Task to carry out => Here is the task for the listing below: output exactly the lines from the one containing "Pasos para ver" through the one containing "El corte ingl", and leave out the pictures.

--- Records to process Enclosed Below ---

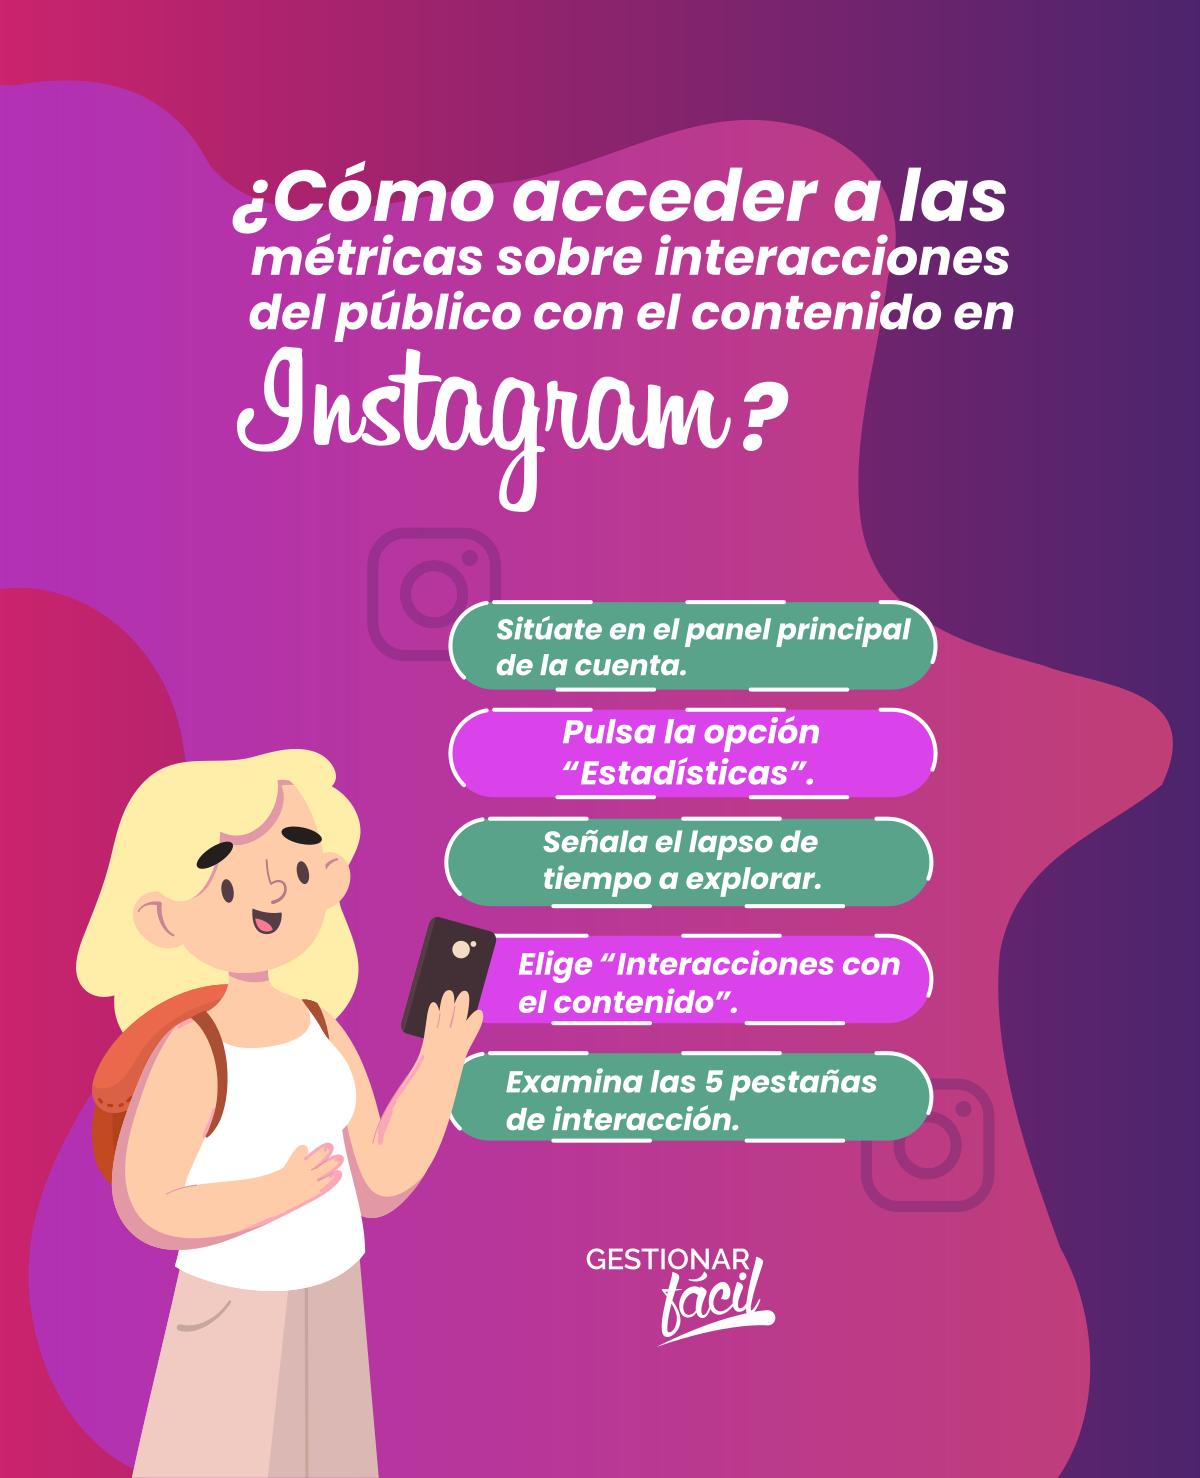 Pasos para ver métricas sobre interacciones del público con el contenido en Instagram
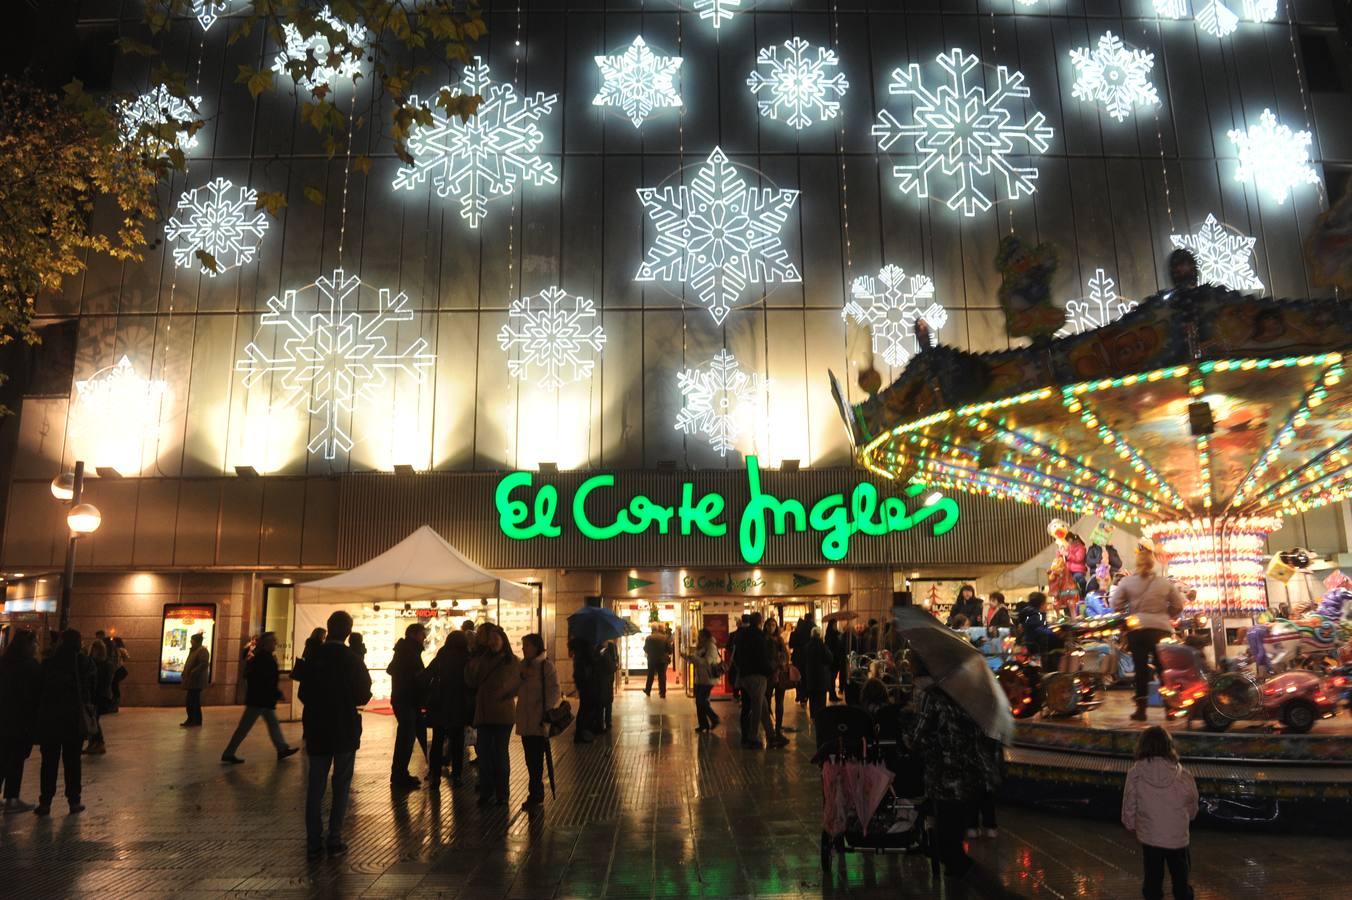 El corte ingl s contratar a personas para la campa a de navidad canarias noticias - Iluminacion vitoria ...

--- End of Enclosed Records to process ---
--- Records to process Enclosed Below ---

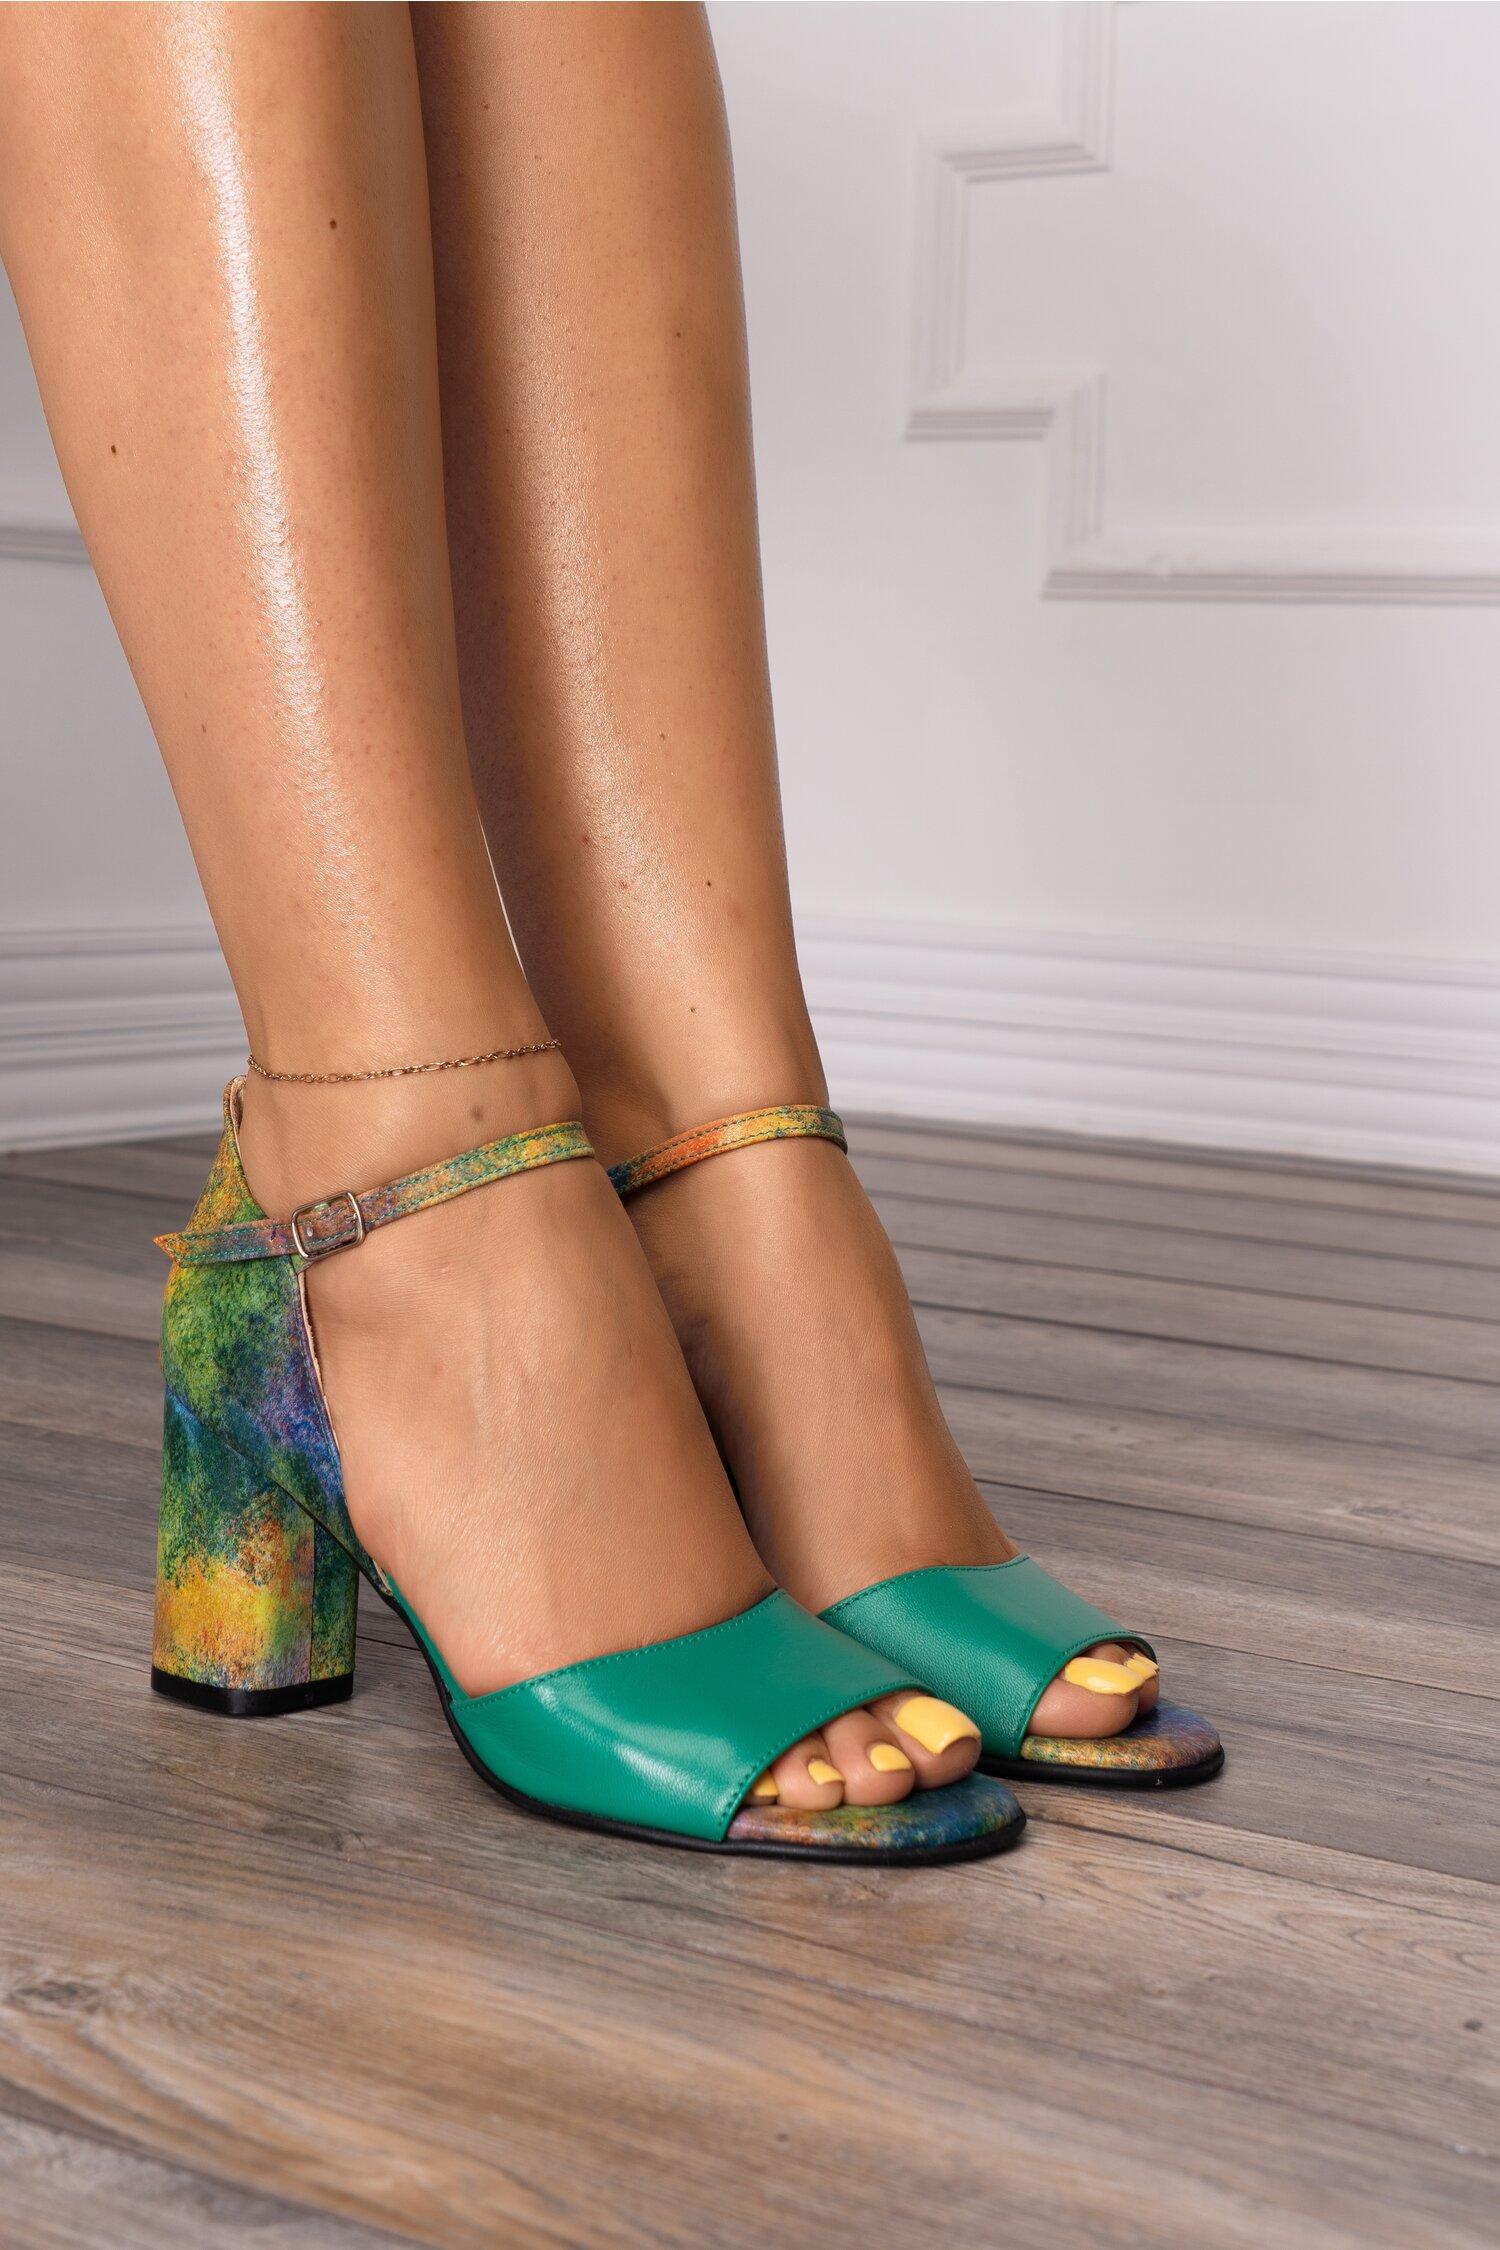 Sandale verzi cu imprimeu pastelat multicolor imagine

--- End of Enclosed Records to process ---

Task solution =>
 Pasos para ver métricas sobre interacciones del público con el contenido en Instagram
 El corte ingl s contratar a personas para la campa a de navidad canarias noticias - Iluminacion vitoria ...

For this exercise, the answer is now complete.